In this article, we will take a detailed look at the 11 Most Popular Stocks on Robinhood in 2024. For a quick overview of such stocks, read our article5 Most Popular Stocks on Robinhood in 2024.
Amid rising inflation and economic uncertainty, millions of young Americans are starting to invest in different asset classes to secure their future and achieve their financial goals. As of the end of 2022, a whopping 58% of US households reported owning stocks, according to the Federal Reserve's survey of consumer finances. Increasing household wealth and the rise of zero-commission apps like Robinhood is partially responsible for this boom in retail investing.
Has there been any change in retail investing trends ever since the Fed started raising interest rates? Money-market funds, bonds, treasuries and fixed income in general became much more tempting for investors who wanted to avoid volatility that comes with stock investing. In August last year, The Wall Street Journal, citing data from Refinitiv Lipper, said in a report that in matter of just five weeks, investors pulled $11.6 billion from stock funds on a net basis, while money-market funds saw an inflow of $91.1 billion.

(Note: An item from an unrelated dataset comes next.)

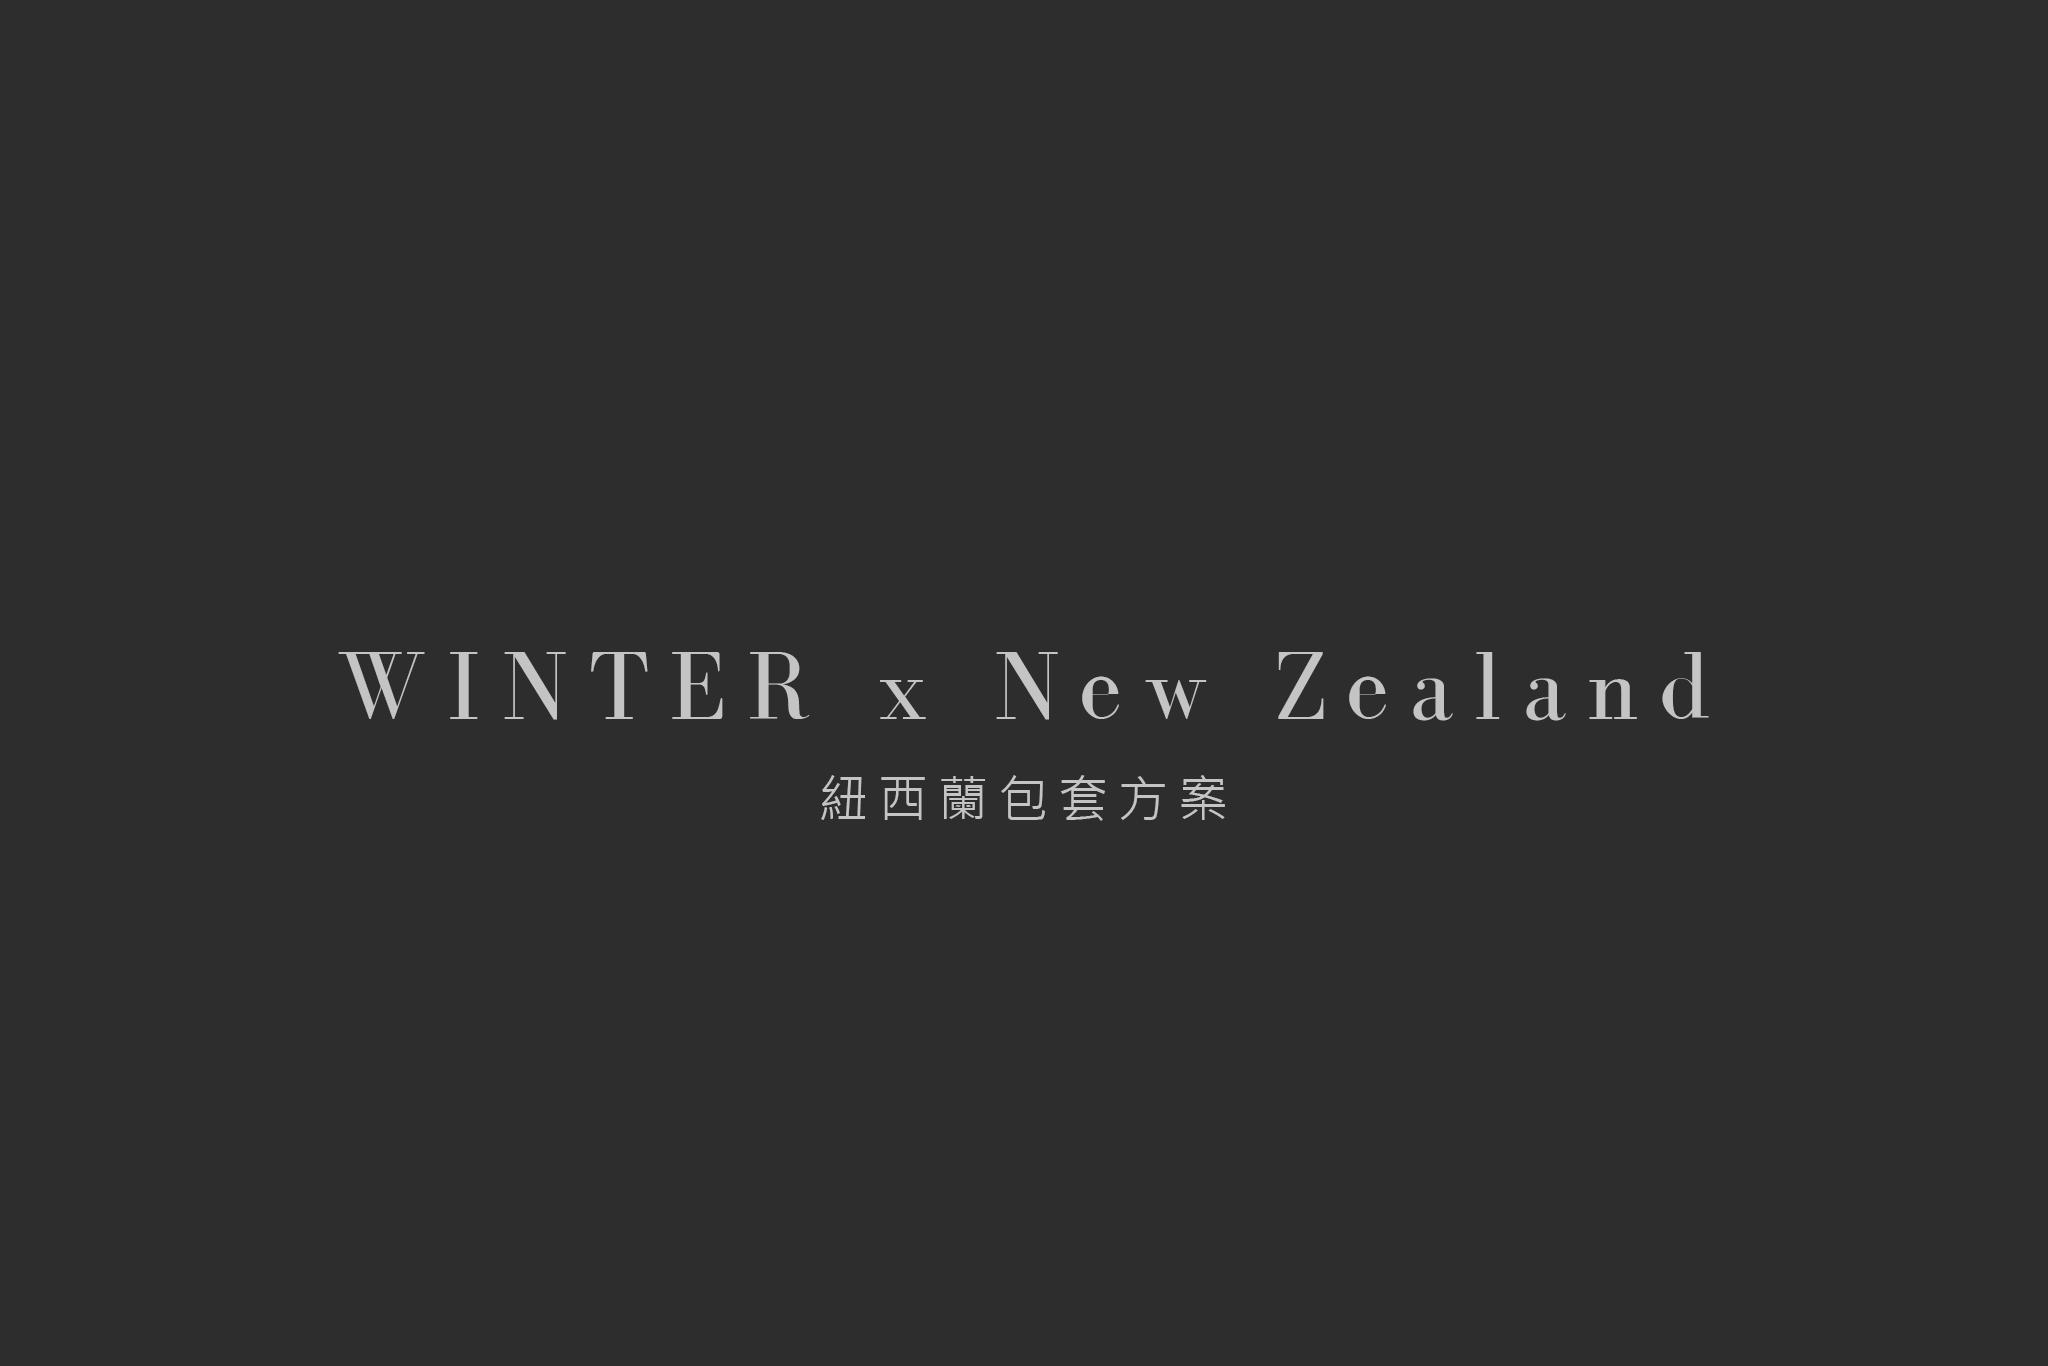 WINTER x New Zealand

Young Americans are Investing in Stocks and Pre-IPO Growth Companies
Analysts also note that young Americans are increasingly getting bored of the same-old names when it comes to stocks and want to invest in companies that will grow big in the future. They want to invest in the Apples, Microsofts and Nvidias of the future. And there are interesting options available for such investors. The Destiny Tech100 (DXYZ) fund, which recently went public, lets you invest in high-growth companies that aren’t publicly traded. Some top names in the fund's portfolio are OpenAI, SpaceX, commercial space station company Axiom Space, Discord, Klarna, among many others. Other platforms allowing investors to invest in high-growth companies are also seeing a huge influx of young investors. For example, an April 16 Bloomberg report talked about Hiive, a platform that allows you to invest in pre-IPO, VC-backed companies. The report quoted Hiive's CEO Sim Desai, who said that the number of daily accepted bids has averaged 16 in the past 30 days, up from just three bids a year ago.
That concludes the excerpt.